In the show, the men often reference the Qur’an when deciding on how to punish the women. In one such instance, Jade sneaks out of the house to meet Lucas, causing her fidelity to be called into question. As Ali, Said, and Said’s uncle decide how to go about punishing her, Ali tells Said’s uncle that, “She committed a sin and she will receive her punishment”Ã‚but in the Holy Book it says before you can say someone is guilty you have to have four witnesses who were present when the sin took place.” The four men whom they consulted did not see anything, so Jade was spared.
However, another punishment was ordered as a consequence of her sneaking out. Said’s uncle says, “You should correct your woman with a blow. The book [Qur’an] permits that, in these cases within marriage, you hit the woman. It is not encouraged to do it out of emotion, but for correction. This is written in the book.”
Then Ali replies, “But this is an interpretation that is very strict and retracts from the writing. Prophet Muhammad said don’t hit a woman and he never did and he was wed to six women.” Then he goes on to say, “He (the Prophet) always said that whoever hits a woman is of bad faith. Did he say this or did he not?” However, Ali’s character was already seen slapping Jade earlier in the series. Maybe it is okay for a father figure to hit a woman, but not her husband?
The writers seem to have done their research in these instances and instead of targeting Islam as the reason for the sometimes-ill treatment of women, they attribute these injustices to the failure of men to accurately interpret the Qur’an and the Sunnah of the Prophet.
Despite the way the women are actually treated or depicted on the show, there is mention of some kind of concept of gender equality promoted in Islam. Ali explains that the marriage contract acts as means to protect the rights of the woman. When speaking to Latiffa just before her wedding night Uncle Ali tells her, “the Qur’an says that sex is a pleasure for the man and the woman and everything is permitted.” At the same time Mohamed’s uncle tells him, “The man should not leave the marriage bed till the woman is pleased.”
During Said’s wedding, an imam comes to talk to him about marriage. He tells Said that a good wife is one who, “listens to you when you talk” and “when you look at her you are happy” and “when you are down she looks after you.” The show also demonstrates that a woman must give verbal consent to the marriage at the time that the marriage contract is signed.
I guess it would be ludicrous to expect a soap opera not play off exaggerated stereotypes. After all, their aim is to fill homes with starry-eyed viewers who are willing to ride the twists and turns that make these dramas drag on tirelessly.

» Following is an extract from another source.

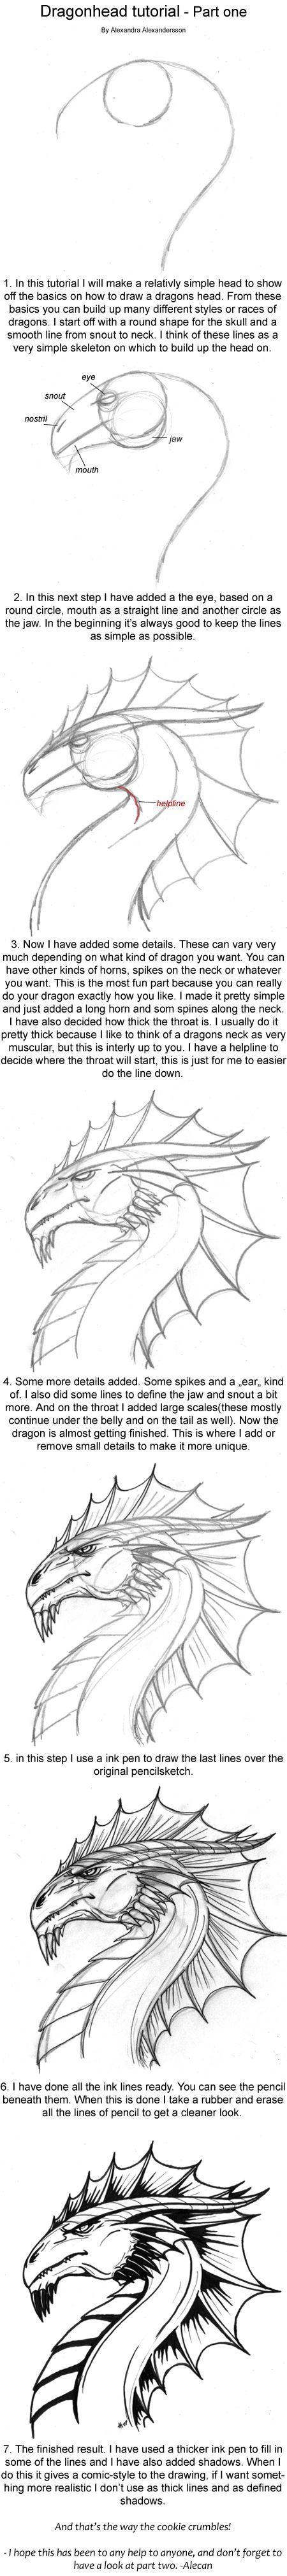 Dragonhead tutorial

Still, I’d hope that in trying to capture an audience one would not have to go so far as to catalogue an entire group of women. El Clon reaffirms almost every stereotype regarding Muslim women, using different characters to show the spectrum of possibilities: the victim in need of saving, the hyper- sexualized, the oppressed, the rebellious, and the one about whom they say “no wonder they make their women cover up.” Yup, Muslim women are pre-packaged for your viewing pleasure and then placed side-by-side with the sexually liberated, educated, autonomous “Western” woman, reminding you that the two are always exclusive, and that there cannot be a truly American Muslim woman.
Ironically the writers seem to have done their homework when it comes to citing the Qur’an and explaining religious doctrine as it pertains to women. Perhaps they are trying show that the flaws do not exist in the religion itself, but in cultural practices and in man’s interpretation of religious texts. Nevertheless, the show blurs the lines between cultural practices, stereotypes, and Islam so much that it makes it hard to imagine that they had any clear intention but to make their audience sit for hours on end waiting to see what happens next.